3. The agent decision method of claim 2, wherein the generating traffic behavior description information based on the virtual traffic environment data, the real traffic environment data, and a preset rule comprises:

preprocessing the virtual traffic environment data and the real traffic environment data;

extracting feature data based on the preprocessed traffic environment data;

performing cluster analysis on the characteristic data;

and generating the traffic behavior description information based on the clustering analysis result and the preset rule.

4. The agent decision method of claim 1, wherein the environmental information includes dynamic environmental information and static environmental information, and the driving intention includes a location of an agent to be decided, a target location, and behavior state information; the obtaining the environmental information and the driving intention of the agent to be decided comprises the following steps:

acquiring the dynamic environment information and the static environment information, and acquiring the position, the target position and the behavior state information of the intelligent body to be decided;

wherein the dynamic environment information comprises behavior state information of other intelligent agents and other living bodies; the static environment information includes at least one of traffic signal information and traffic sign information.

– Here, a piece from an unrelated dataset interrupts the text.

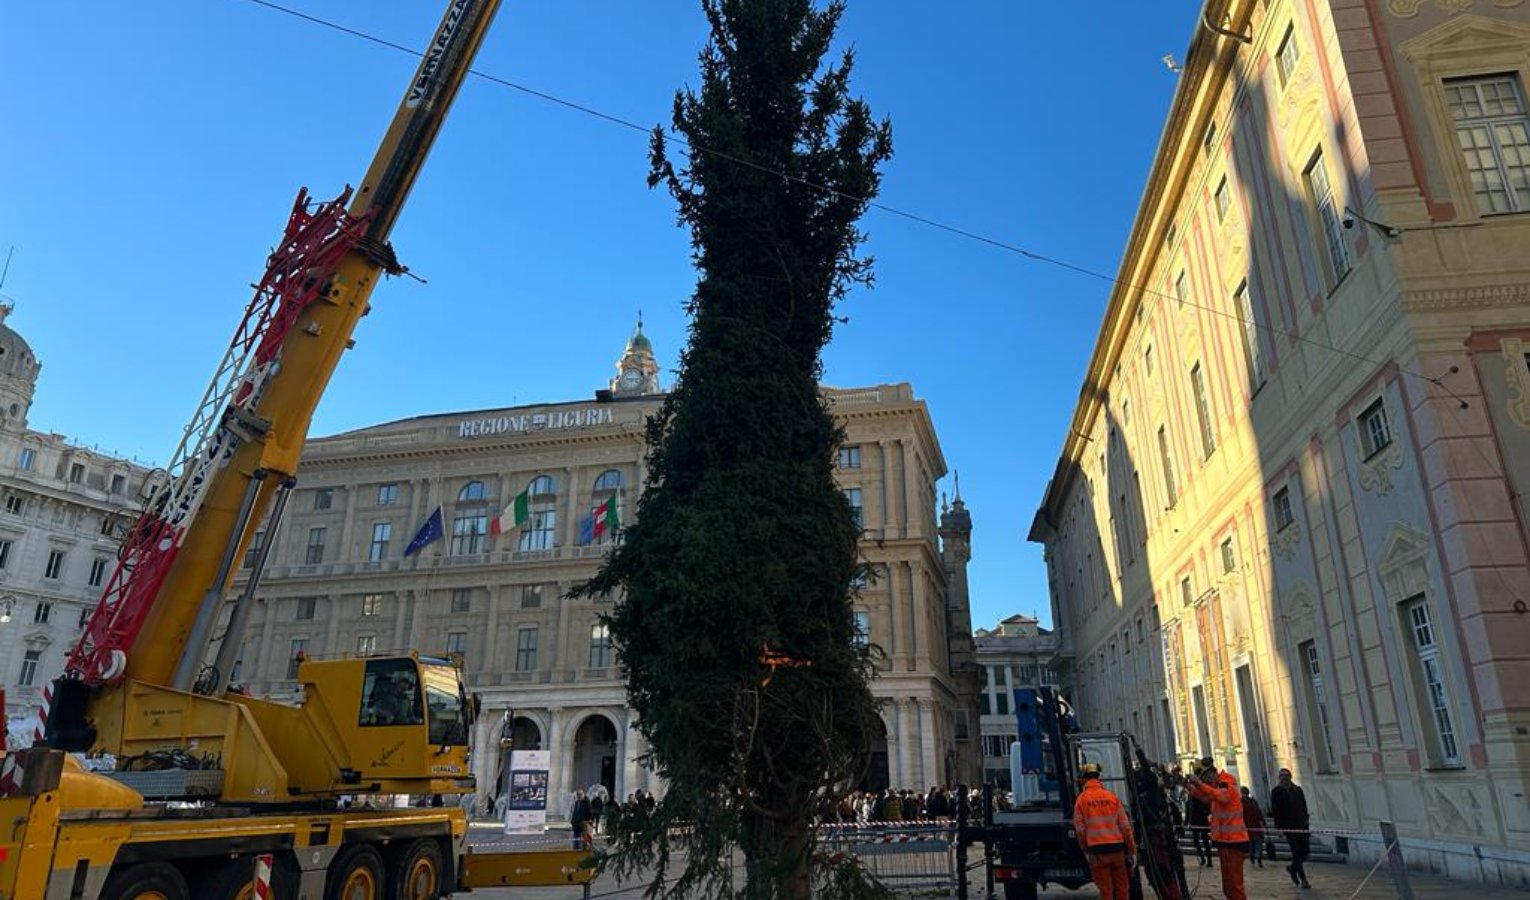 Un abete in regalo dalla Lombardia: a De Ferrari ecco l'albero di Natale di Genova

5. The agent decision method of claim 1, wherein the inputting the environmental information and the driving intention of the agent to be decided into the trained agent decision model to obtain an agent decision result comprises:

analyzing the environment information and the driving intention of the intelligent agent to be decided to acquire at least one of traffic condition information, barrier information and drivable area information;

formulating a driving planning strategy based on the traffic condition information and/or the obstacle information and/or the drivable area information; the driving planning strategy comprises at least one of a current driving state, a driving speed and a driving route;

and generating the agent decision result based on the driving planning strategy.

6. The agent decision method of claim 5, wherein the agent decision results include a behavior planning result and a path planning result; the generating the agent decision result based on the driving planning strategy comprises:

generating the behavior planning result and/or the path planning result based on the driving planning strategy;

wherein the behavior planning result comprises the current running state; the path planning result includes the travel speed and the travel route.

7. An agent control method, the method comprising:

acquiring other agent decision results in a preset area around the agent to be controlled based on the agent decision method of any one of claims 1 to 6;

acquiring a decision result of an agent to be controlled based on the agent decision method of any one of claims 1 to 6 and the other agent decision results;

evaluating the intelligent agent to be controlled based on the decision result of the intelligent agent to be controlled;

and correcting the decision result of the intelligent agent to be controlled based on the evaluation result, and controlling the intelligent agent to be controlled based on the corrected decision result.

8. An electronic device comprising a processor and a storage means, the storage means being adapted to store a plurality of program codes, characterized in that the program codes are adapted to be loaded and executed by the processor to perform the agent decision method of any one of claims 1 to 6 or the agent control method of claim 7.

9. A computer readable storage medium, in which a plurality of program codes are stored, characterized in that the program codes are adapted to be loaded and executed by a processor to perform the agent decision method of any one of claims 1 to 6 or the agent control method of claim 7.